TASK DESCRIPTION: The full listing, word for word and free of images, is the expected result.

GIVEN MATERIAL:
****
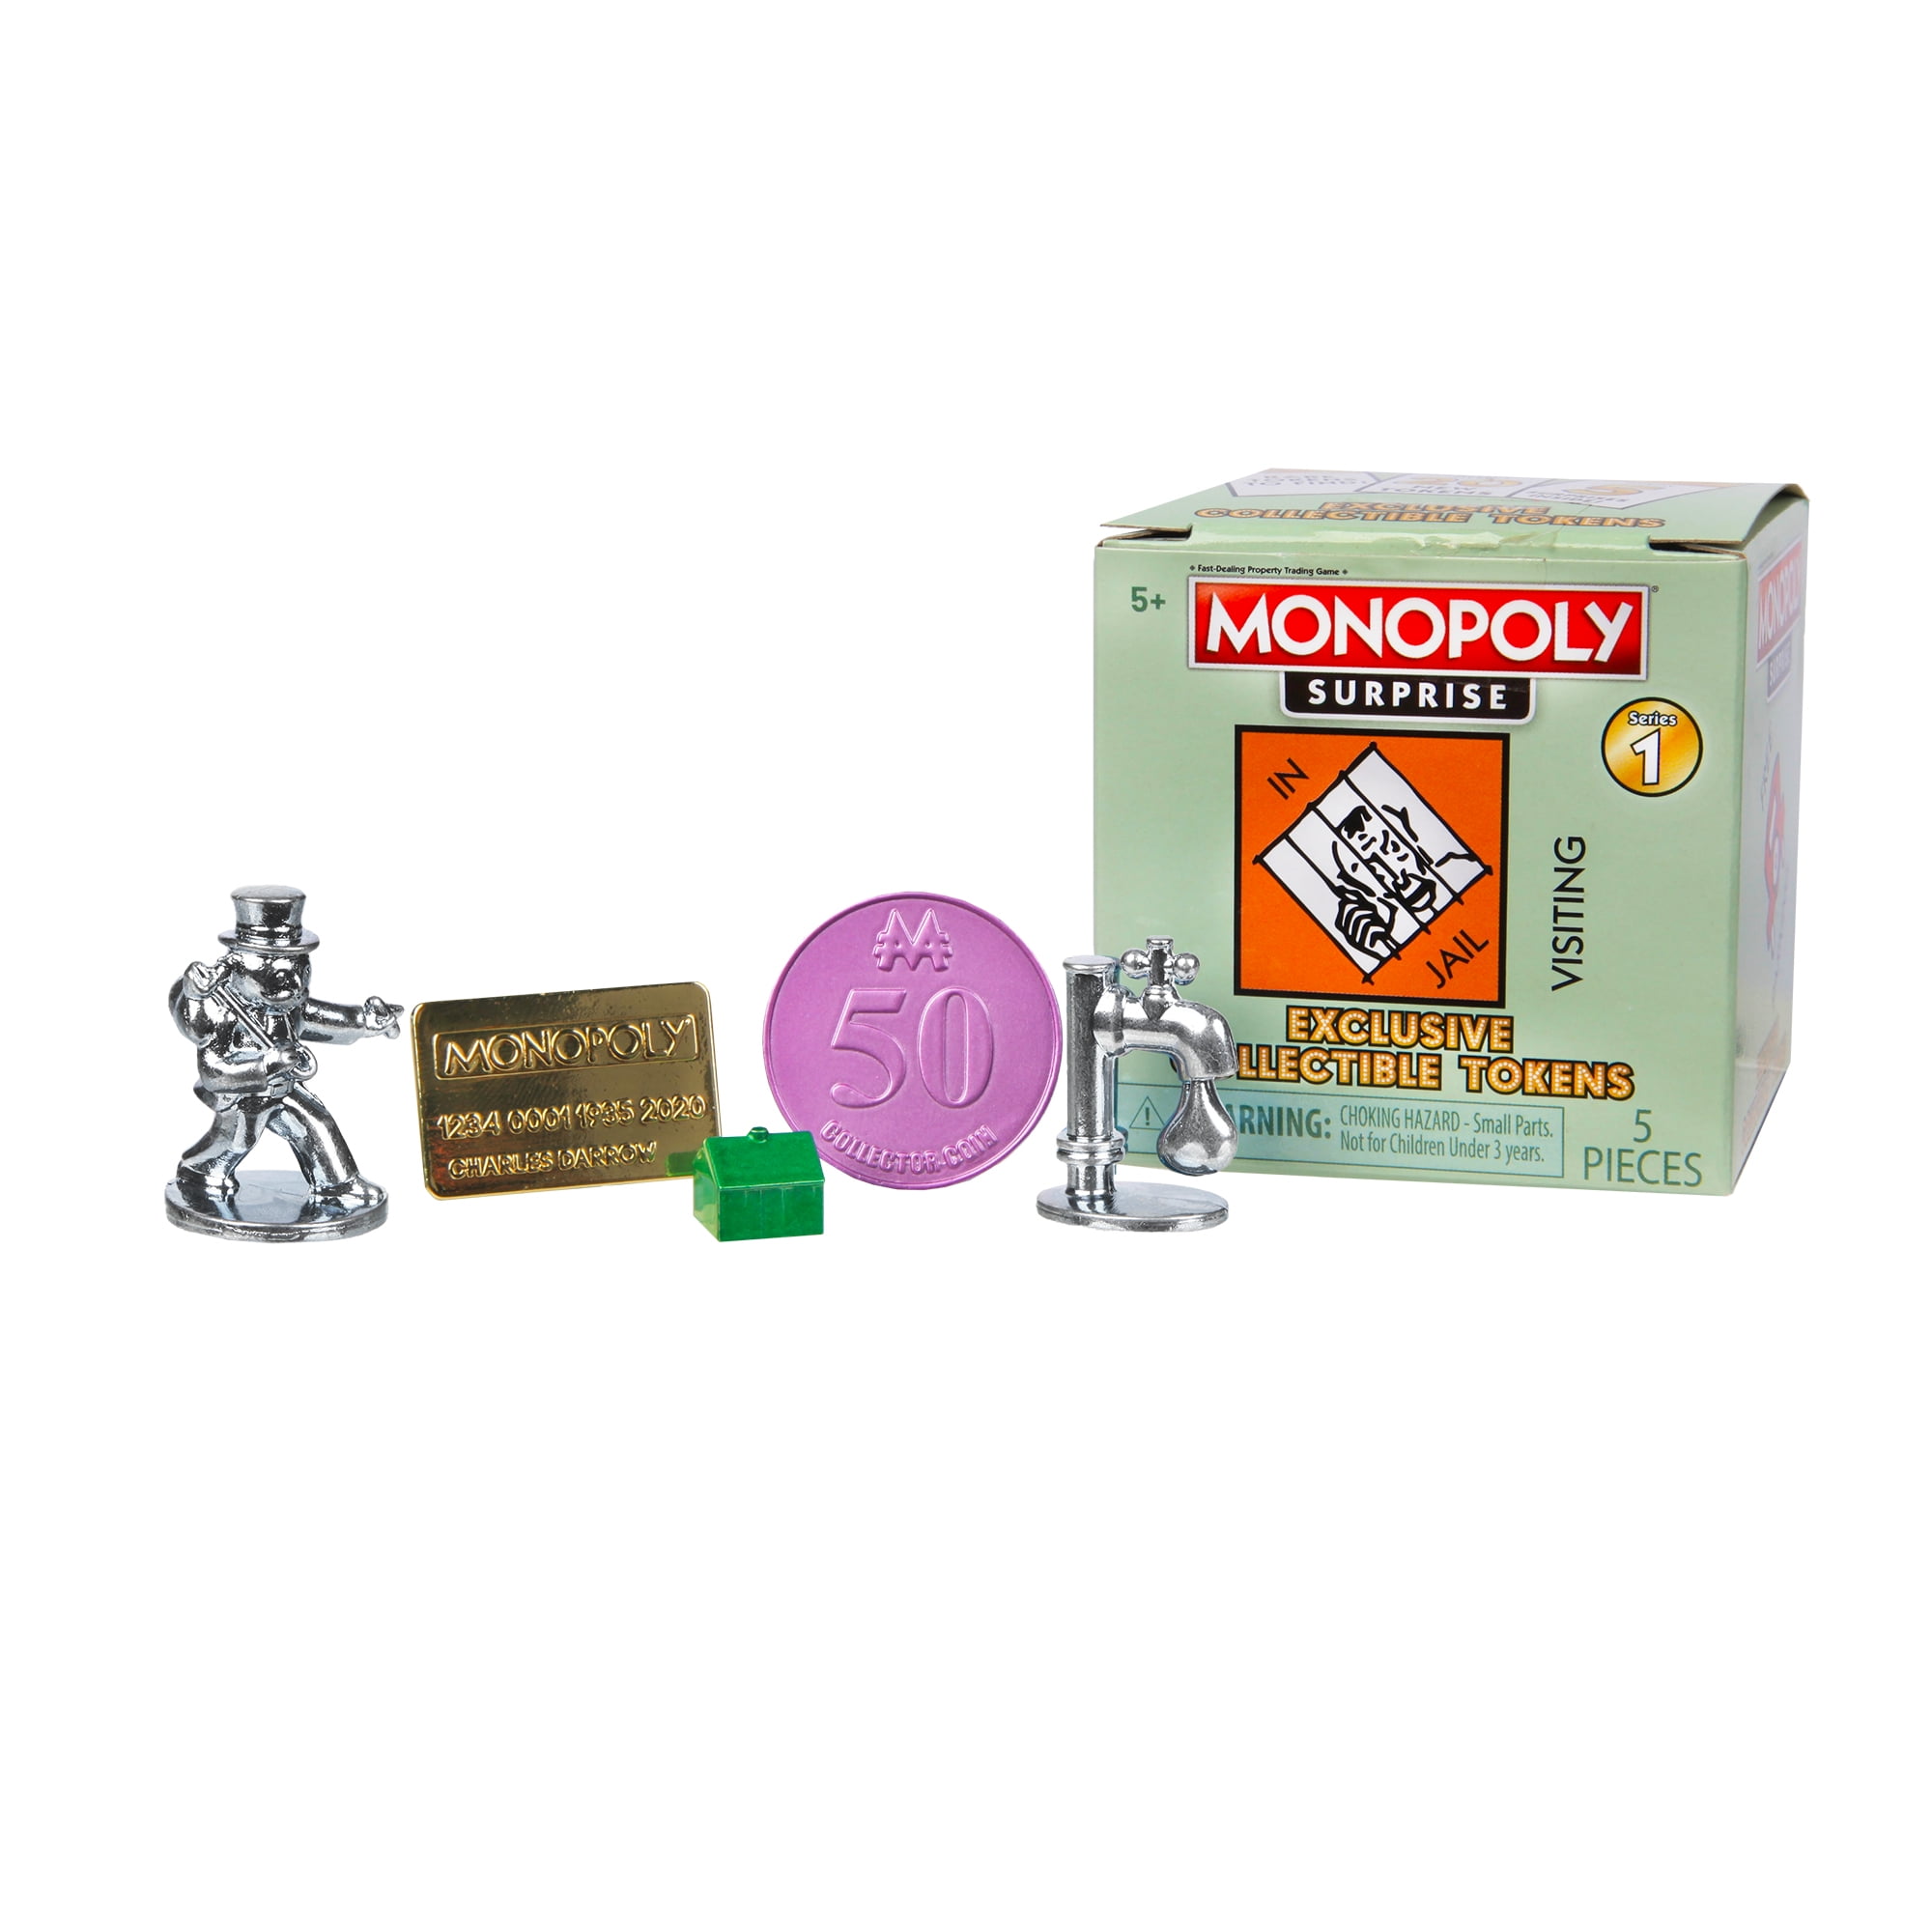 Monopoly SURPRISE Community Chest Token Game Piece YOU PICK Series 1 PRE-OWNED 
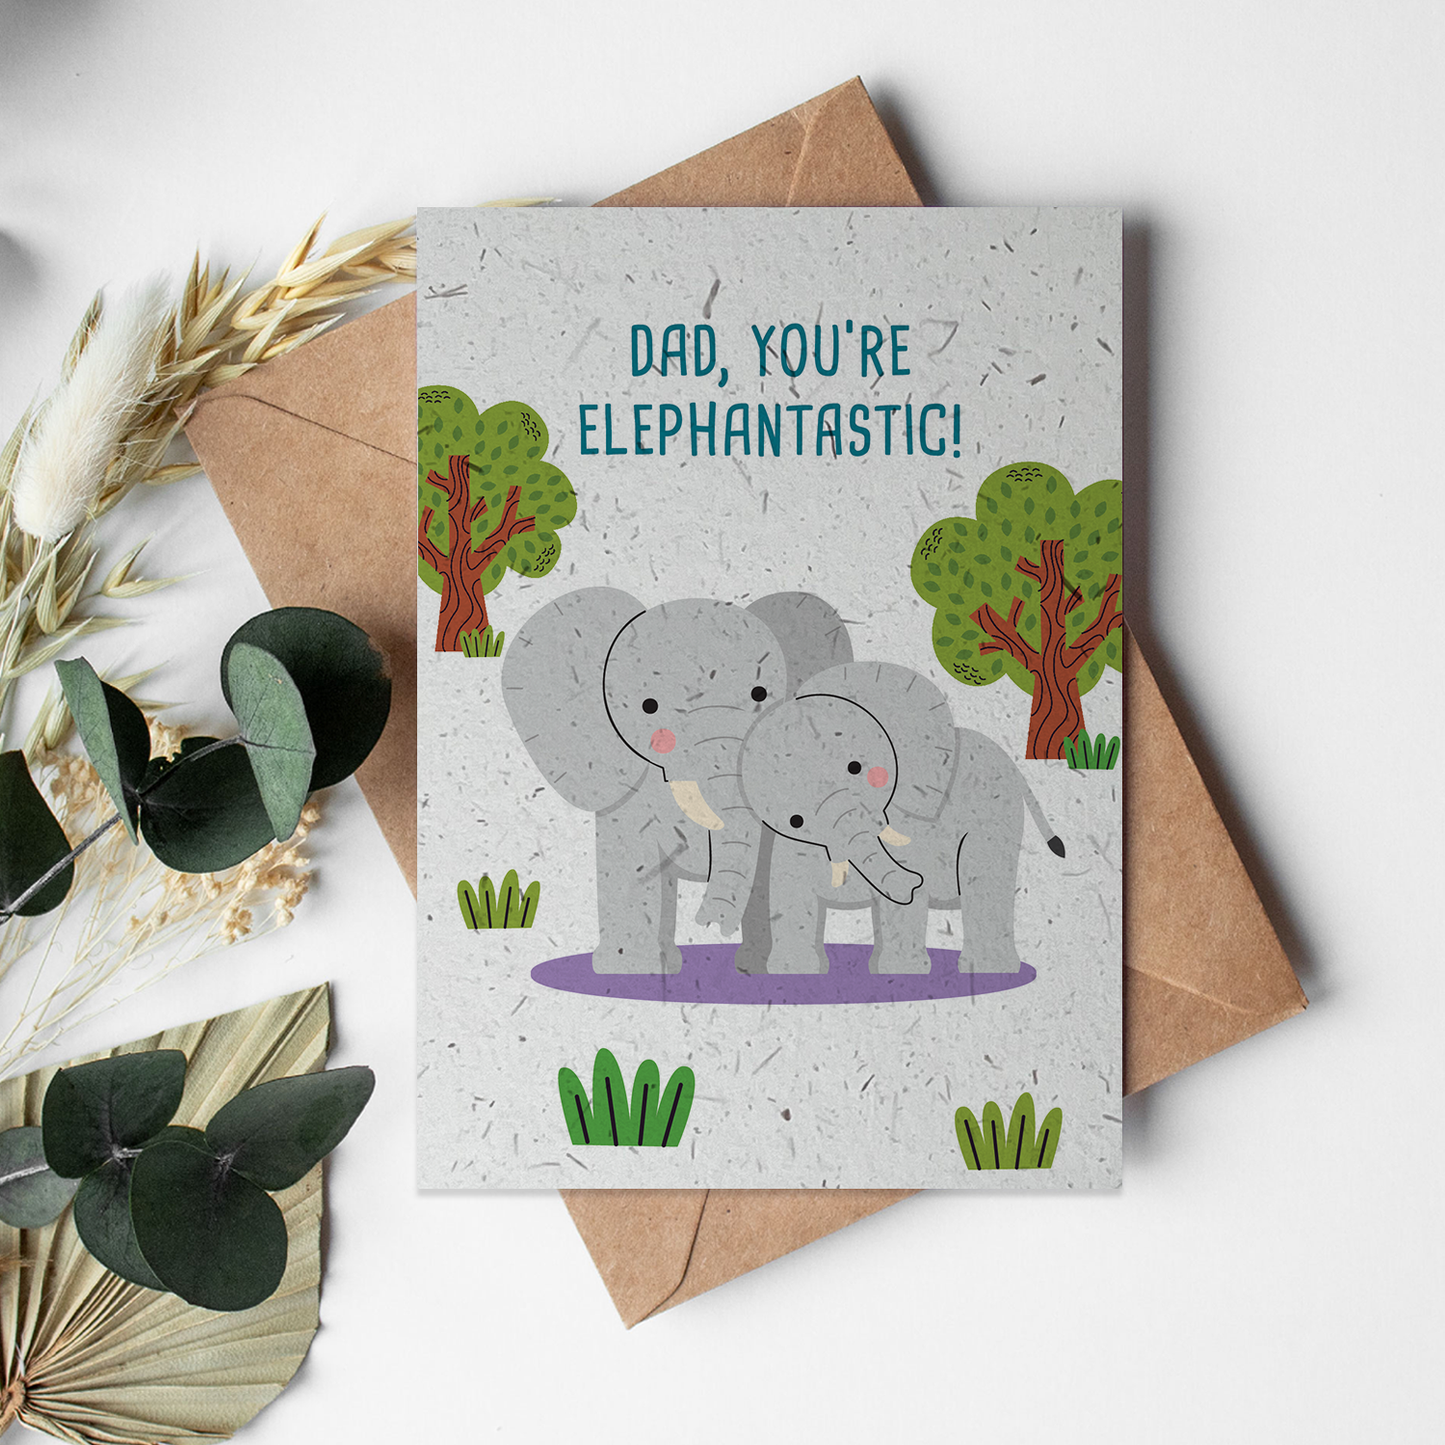 Father's Day - Elephantastic!
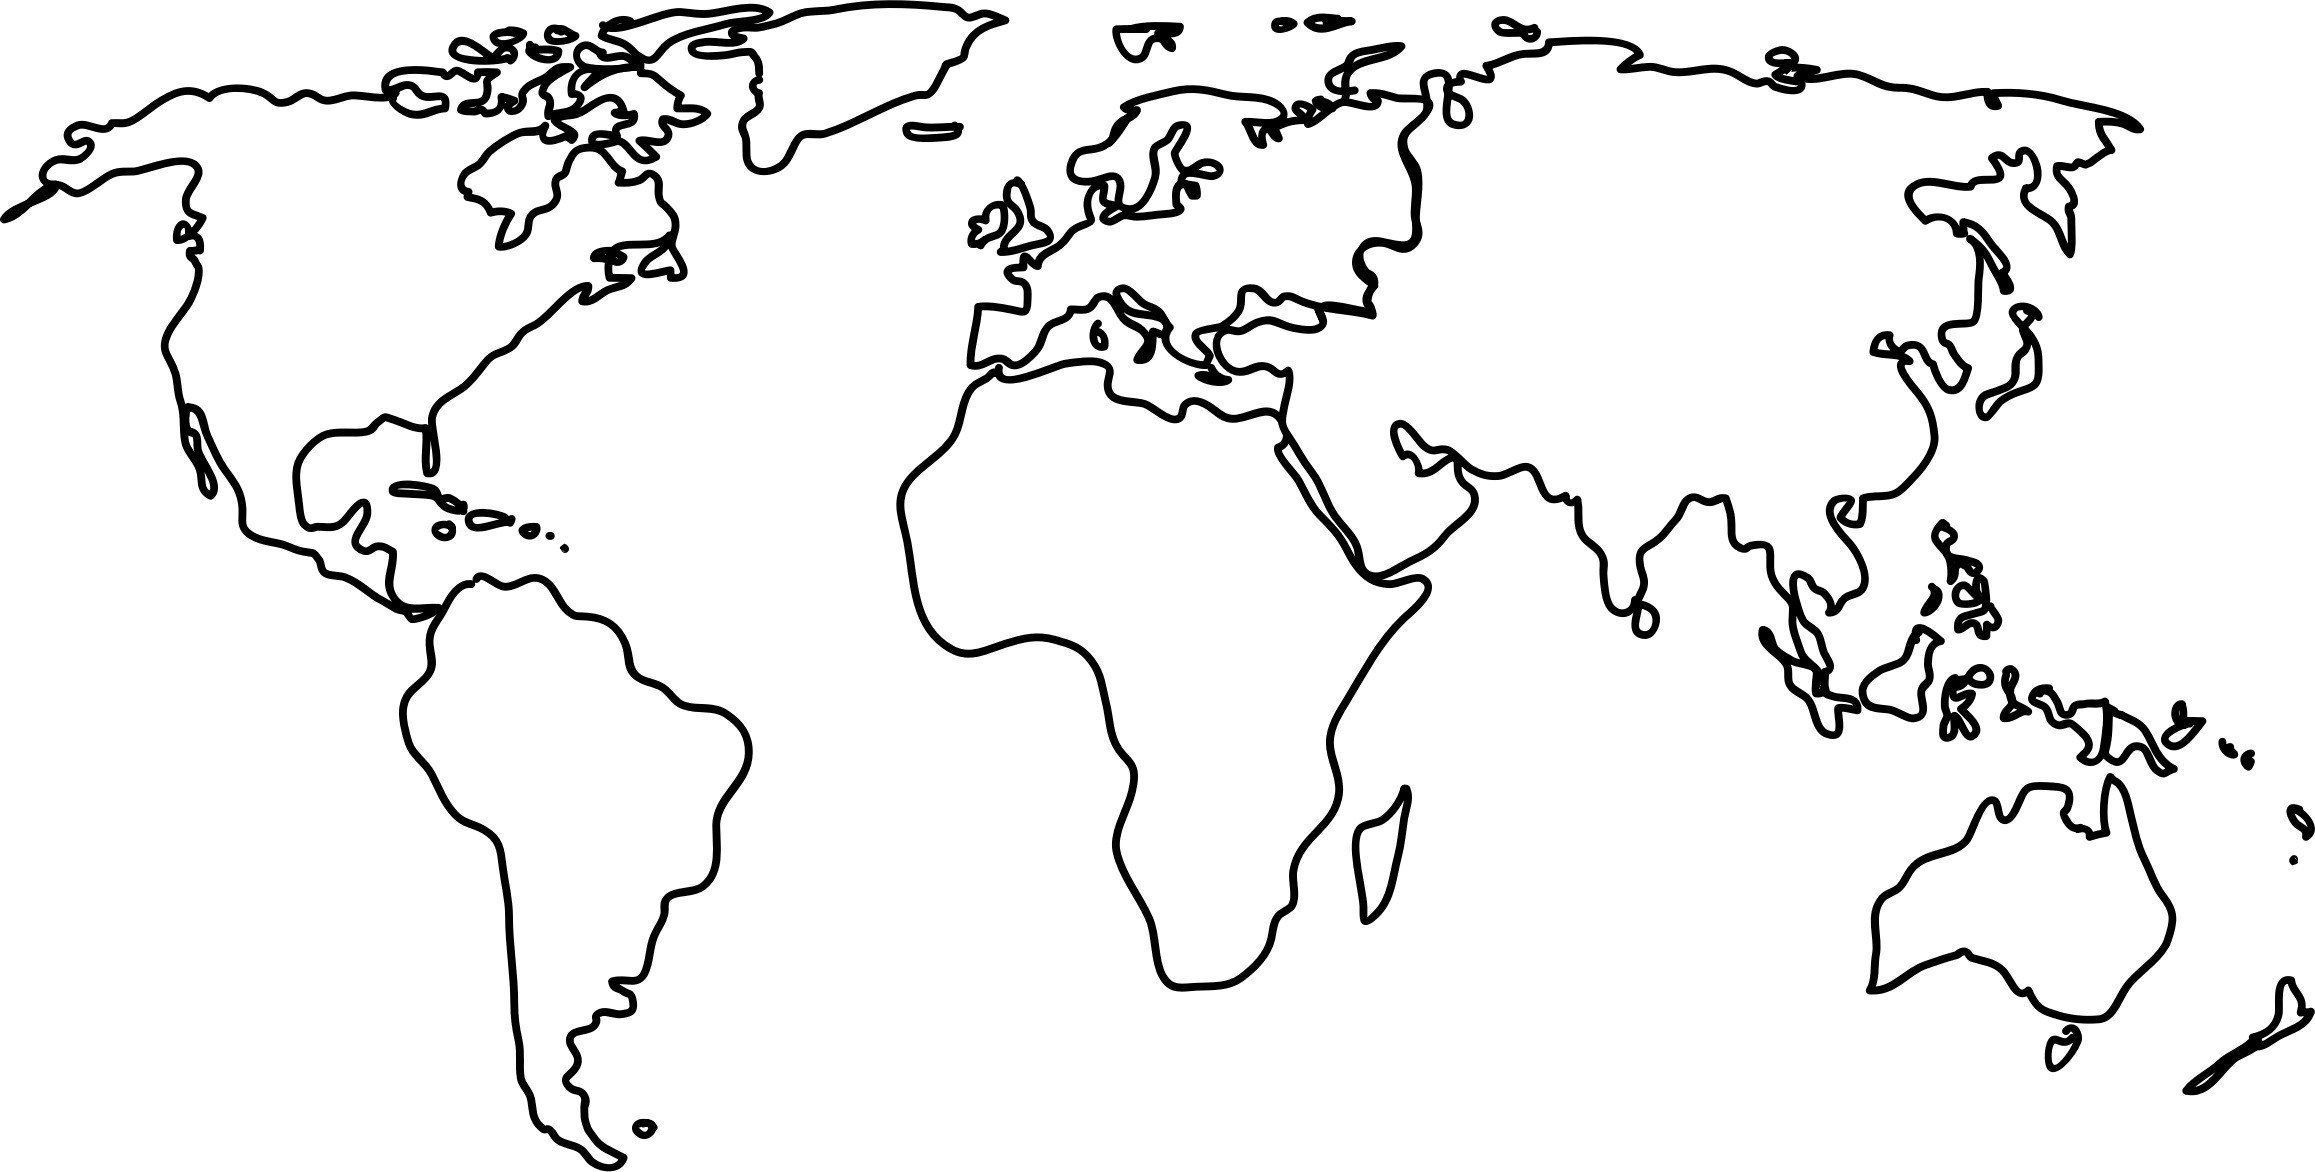 world map country outlines
****
EXERCISE RESPONSE:
 Monopoly SURPRISE Community Chest Token Game Piece YOU PICK Series 1 PRE-OWNED 
 Father's Day - Elephantastic!
 world map country outlines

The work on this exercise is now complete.